Absolutely. I really hope this was written by some adolescent who is fustrated because no publisher will accept the book, and not by someone anyone considers a real writer.
First, the world has changed but no changed so much. For instance, my mother who was born a few years after the first war had little trouble assimilating late 20th and 21st century technology, or adapting that technology to her own uses. She owned a computer and a flat screen TV.
Second, most writers still use the novel format, which is around 400 years old in it's current format. This is different from older western forms, which tended to be more spoken word, such as Beowulf You can still buy 400 year old novels such Don Quixote. I would suspect that if one were doing something new, then moving from the novel format, or at least messing with it as Kurt Vonnegut did, would be the minimal requirement.

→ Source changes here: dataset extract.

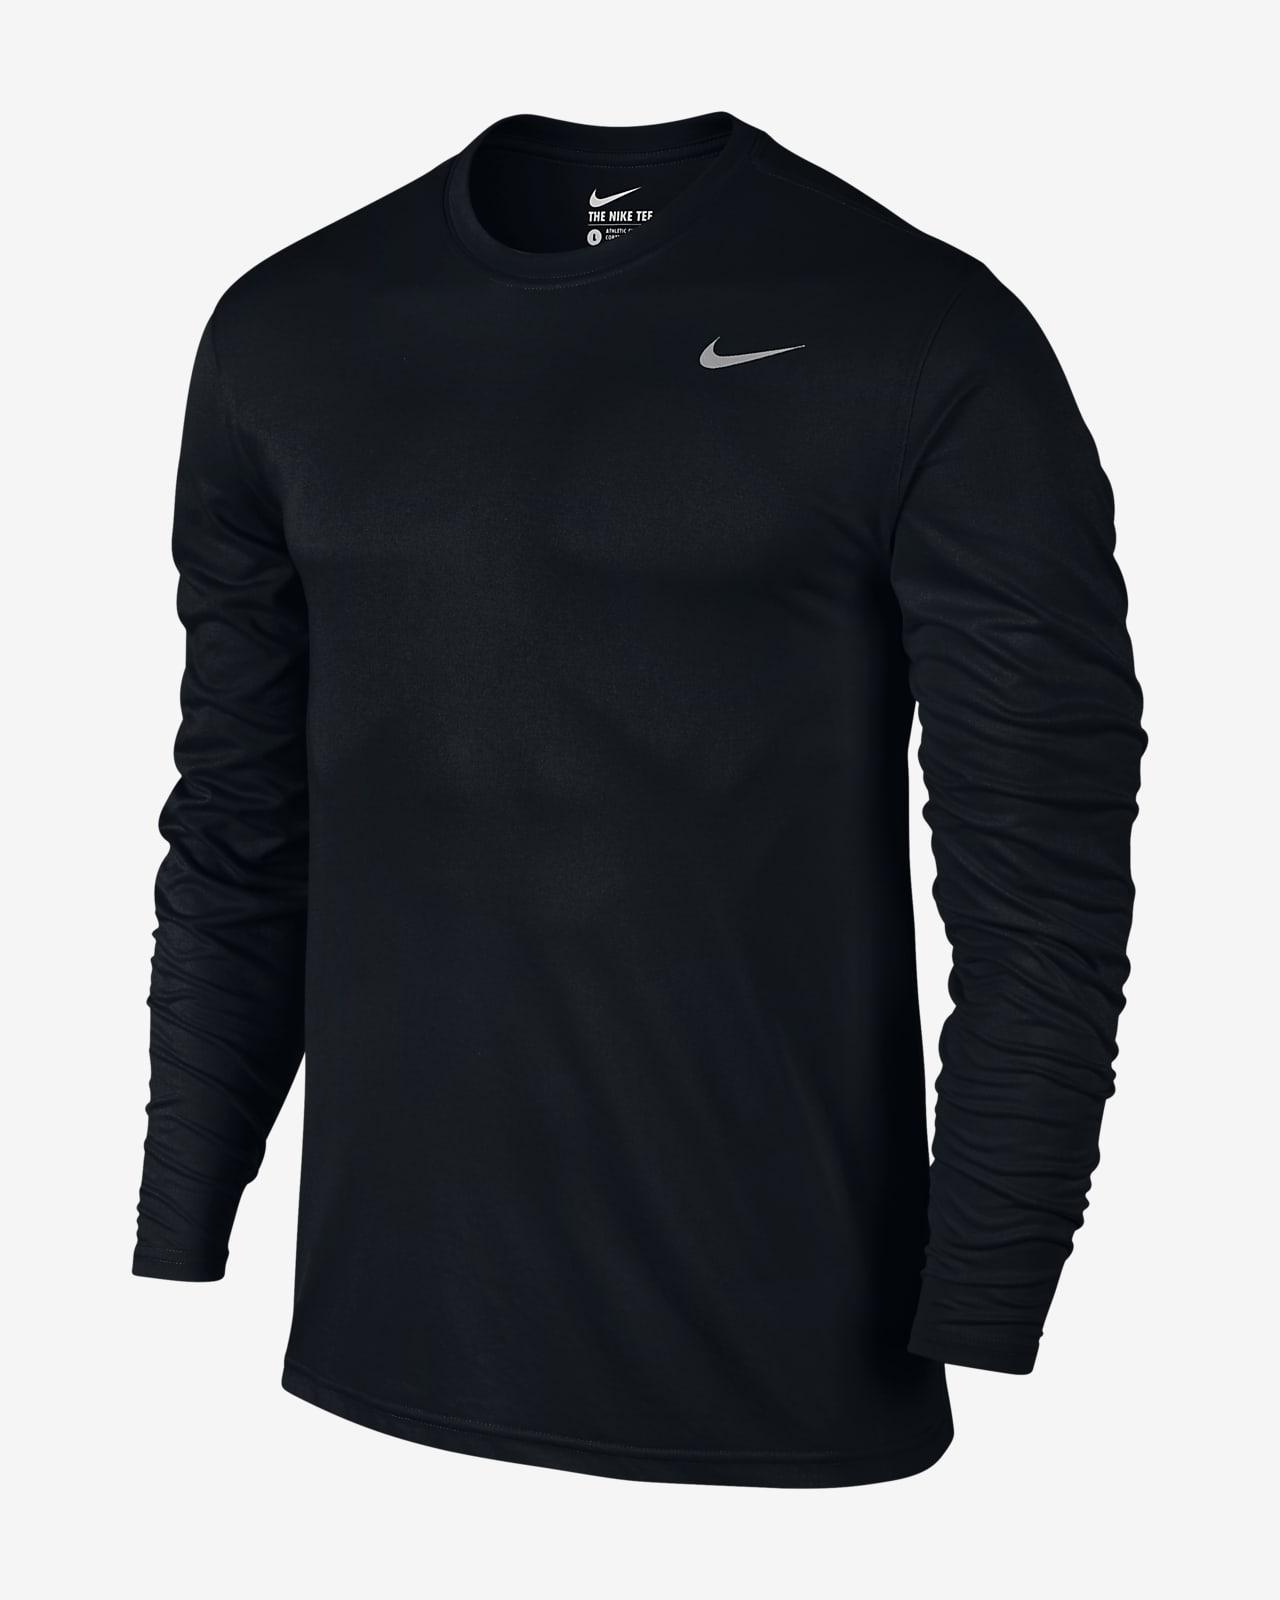 Nike Dri-FIT Men's Long-Sleeve Training T-Shirt

Third, the world has changed significantly in 500 years, but if one reads the old works we still identify the humans as humans and understand the motivation. Yes, most of us would die quickly because we did not bow down to the king, or because we helped a slave escape, or because we did not know to avoid the emptying of chamber pot, but I think the reason to read literature is to learn that we are not all that removed from our forebears.

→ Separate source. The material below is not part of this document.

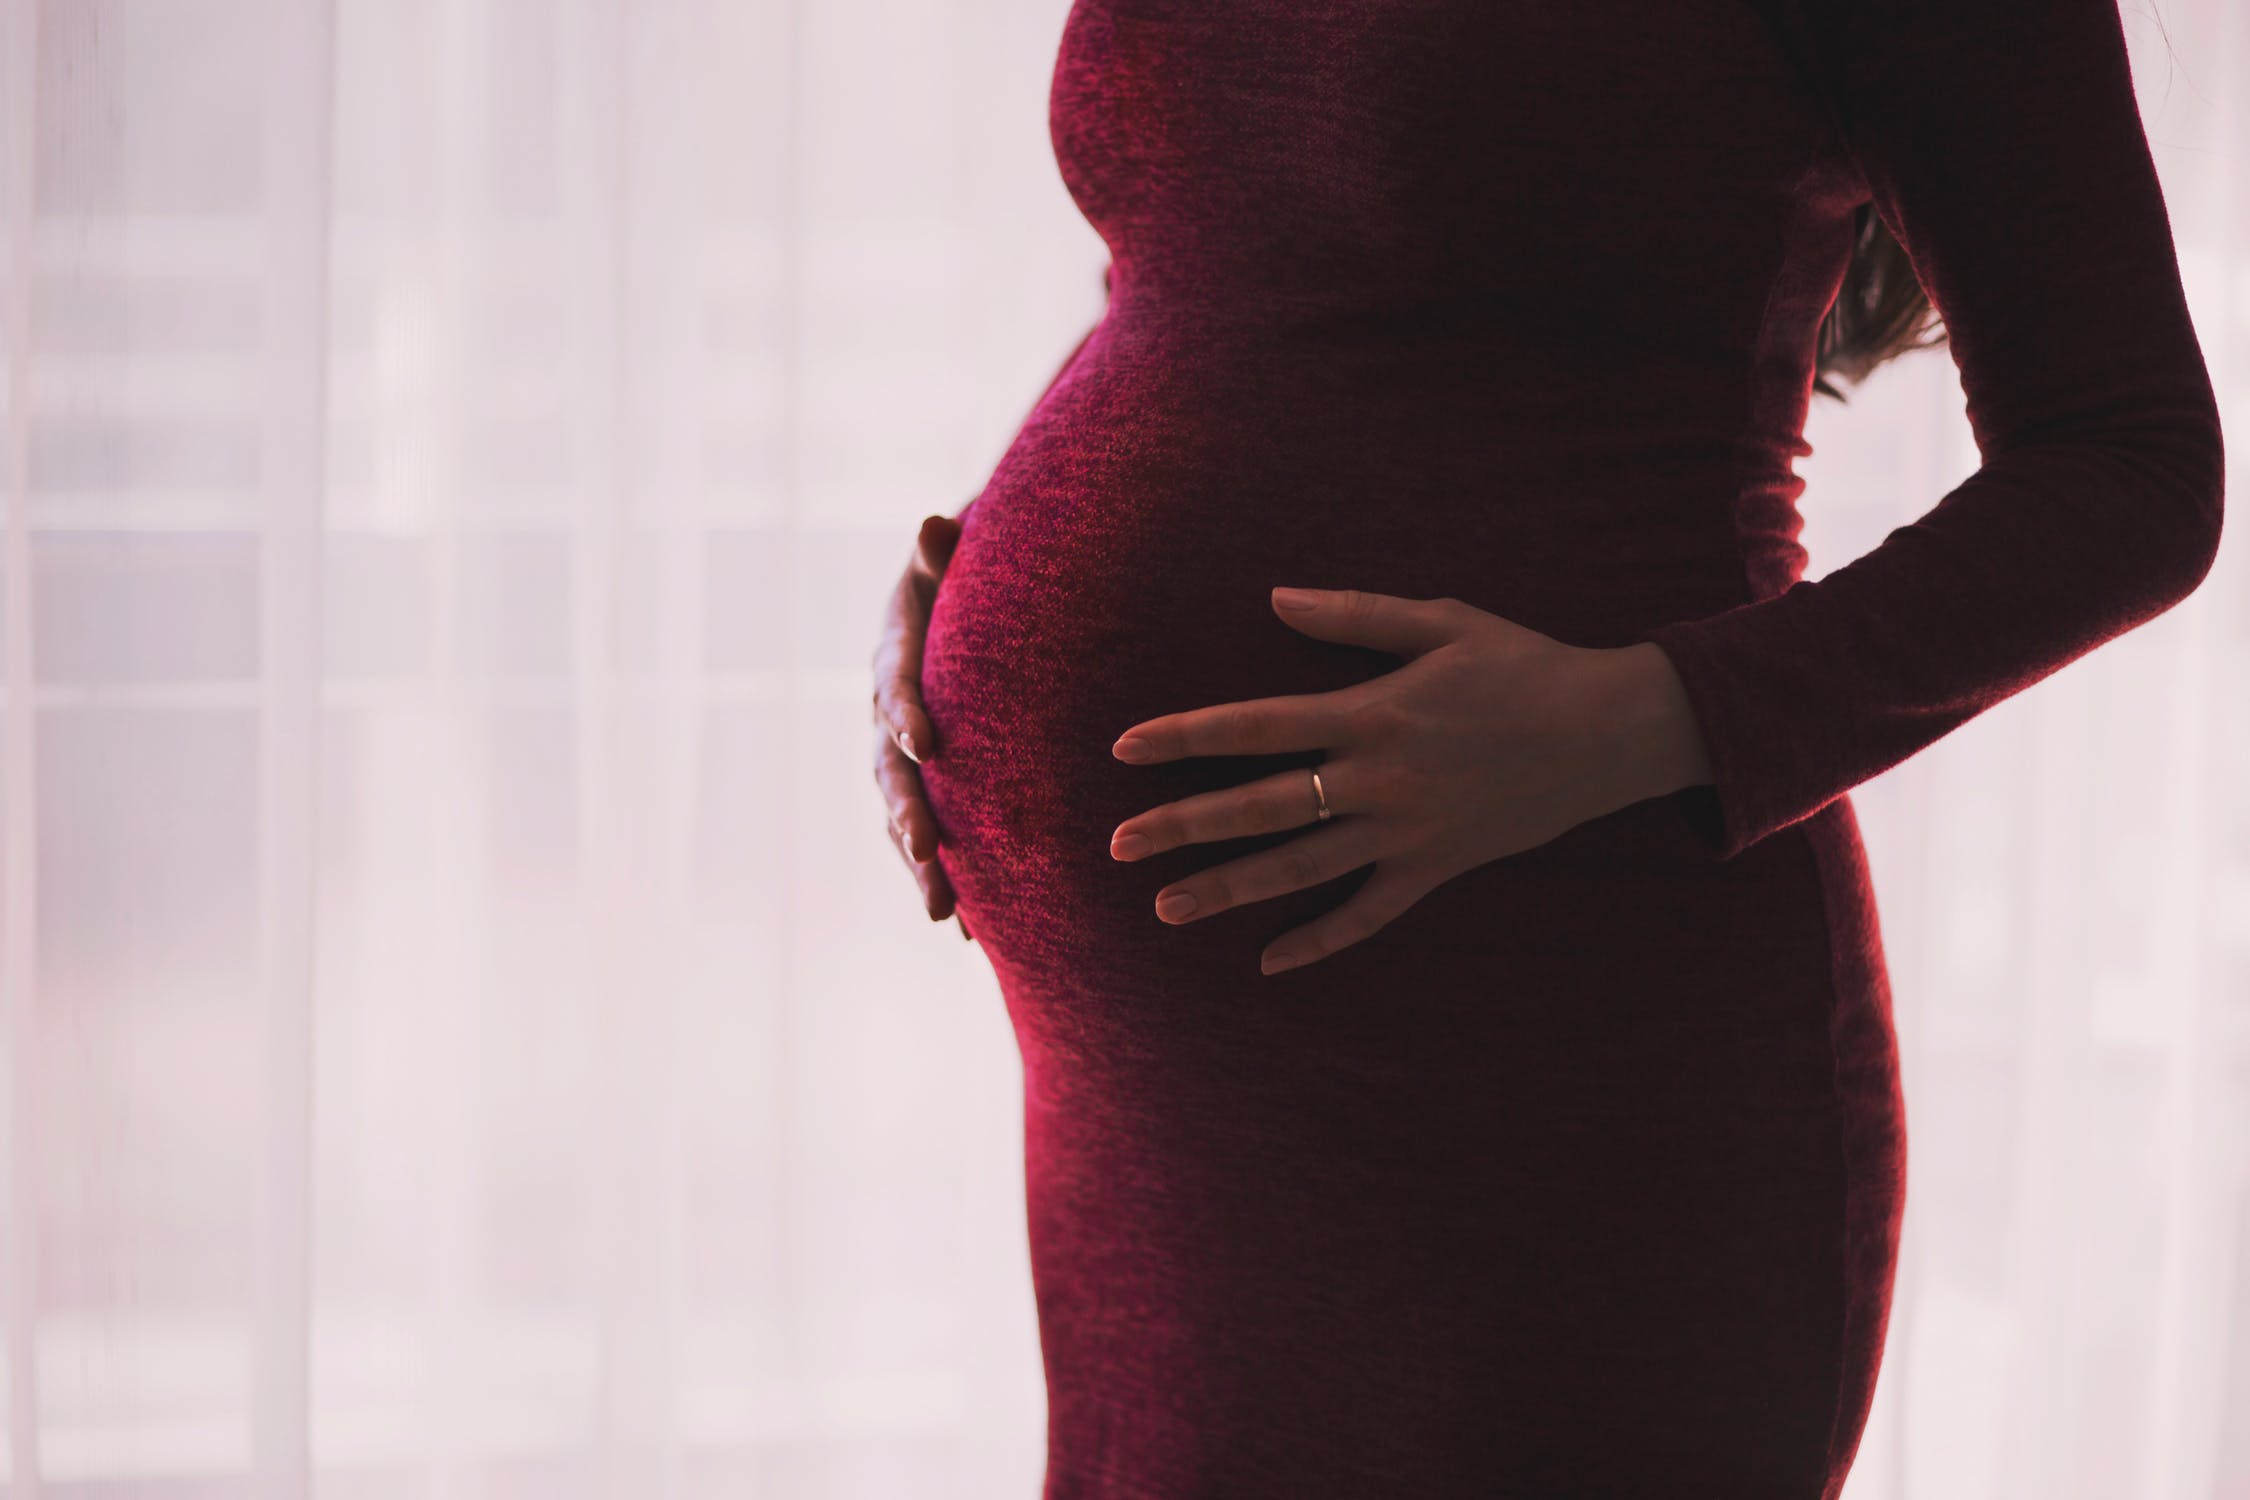 Mitos sobre la barriga de embarazada ??

And fourth, in this brave new world no one can make an author throw away 50 pages of work. If one thinks they through away 50 good pages, then that is a matter of one's own integrity, nothing else. Write the book you want to write, publish it, slip it into bookstore, no one is stopping you. If one is willing to give up one's artistic integrity for greed and actually sell books, then that is something different.
Science fiction helps us explore our relationship with the technology that allows us to amplify our creative abilities. It is different from fantasy that allows us to imagine a world where the rules are different. Imagining a different culture is not that useful because the world that is going to interact with the technology is our present culture. We do not live in a world that everyone, all of the sudden, is going to accept that their way of life is obsolete and immediately embrace new ideas.